Guide
B2B Intent Data: The Complete Guide for 2026
Intent data tells you which accounts are researching your category. But it can't tell you why, it can't identify the individual buyer, and it expires faster than most teams realize. This guide covers what intent data actually is, how the major providers differ, what it costs, and why the best revenue teams treat it as one input among many rather than the whole picture.
What is intent data?
Intent data is behavioral information that reveals which companies are actively researching topics related to your product or category. When employees at Acme Corp collectively consume 5x more content about “data enrichment platforms” this week than their historical baseline, intent data providers flag Acme as “surging” on that topic. The premise: if they're researching it, they might be buying it.

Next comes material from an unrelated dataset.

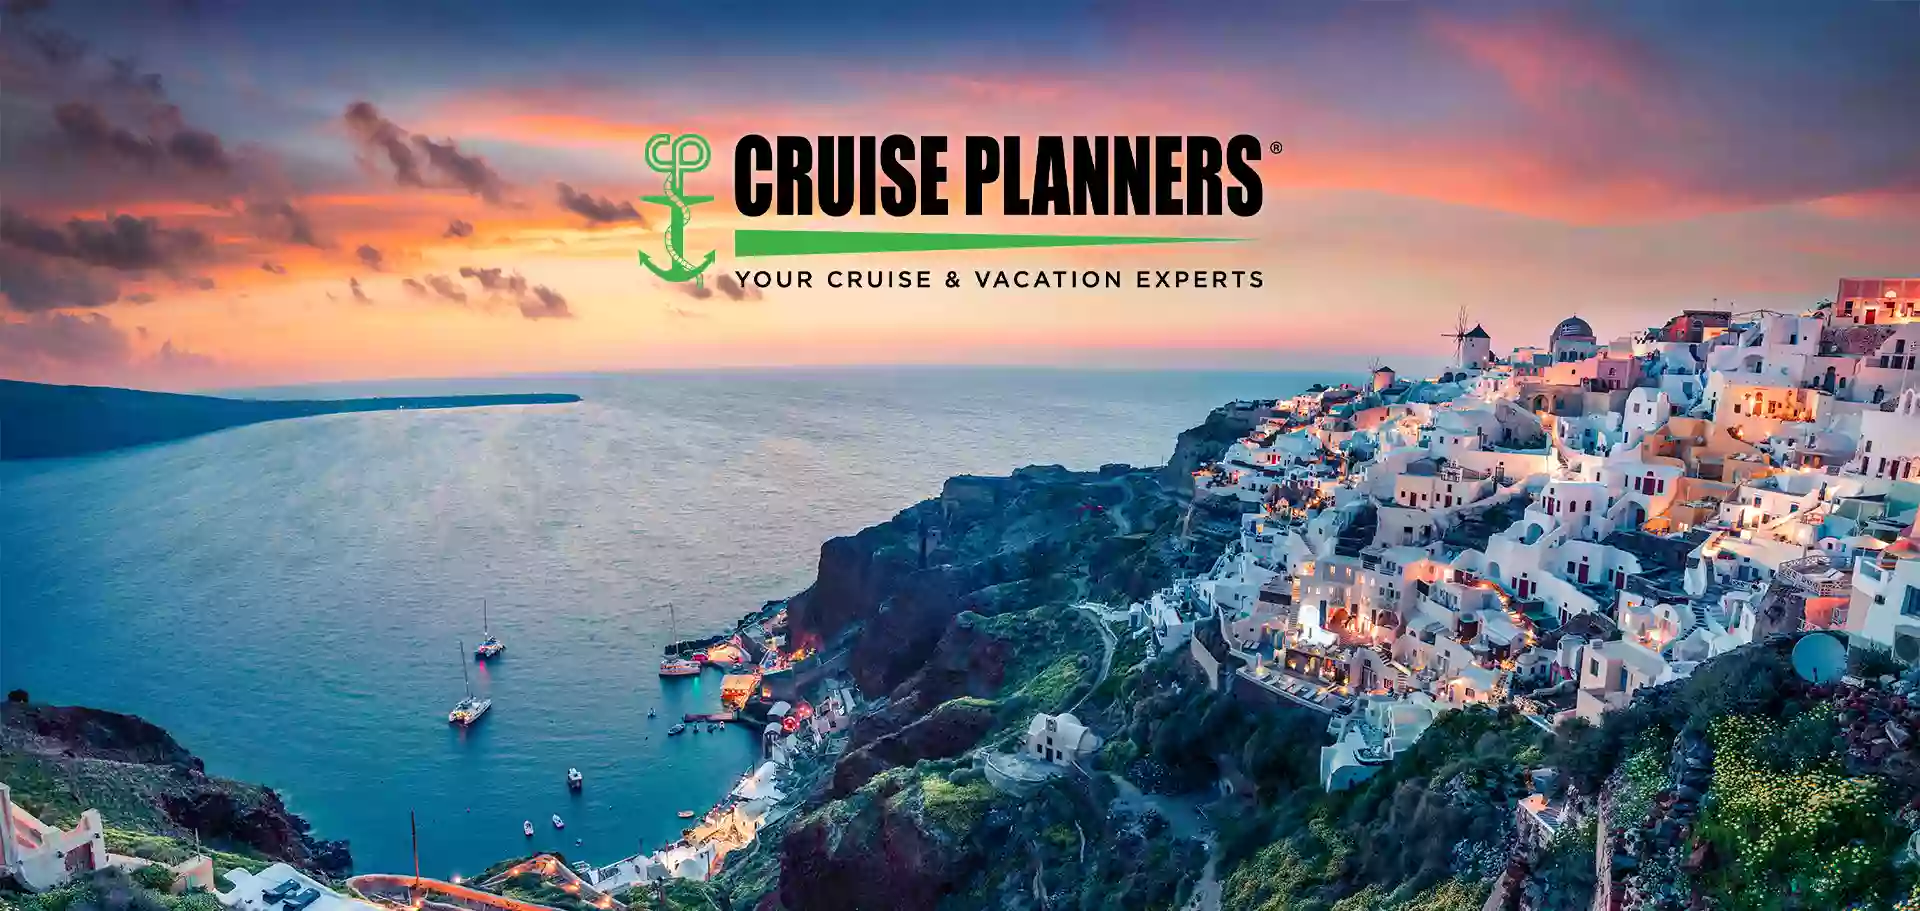 Lesley Bettis Travel - Cruise Planners

At its core, intent data is an inference layer built on top of content consumption. Someone at a company reads a blog post about CRM migration, downloads an analyst report on sales automation, and visits three competitor comparison pages. None of these actions individually constitute a buying signal. Aggregated across a company over a time window, they suggest elevated interest.
Intent data sits in a specific place in the B2B data taxonomy. It is not firmographic data (company size, revenue, industry), not technographic data (what tools they use), and not contact data (email addresses and job titles). It is a behavioral layer that attempts to answer one question: “Which companies are showing elevated research activity in our category right now?”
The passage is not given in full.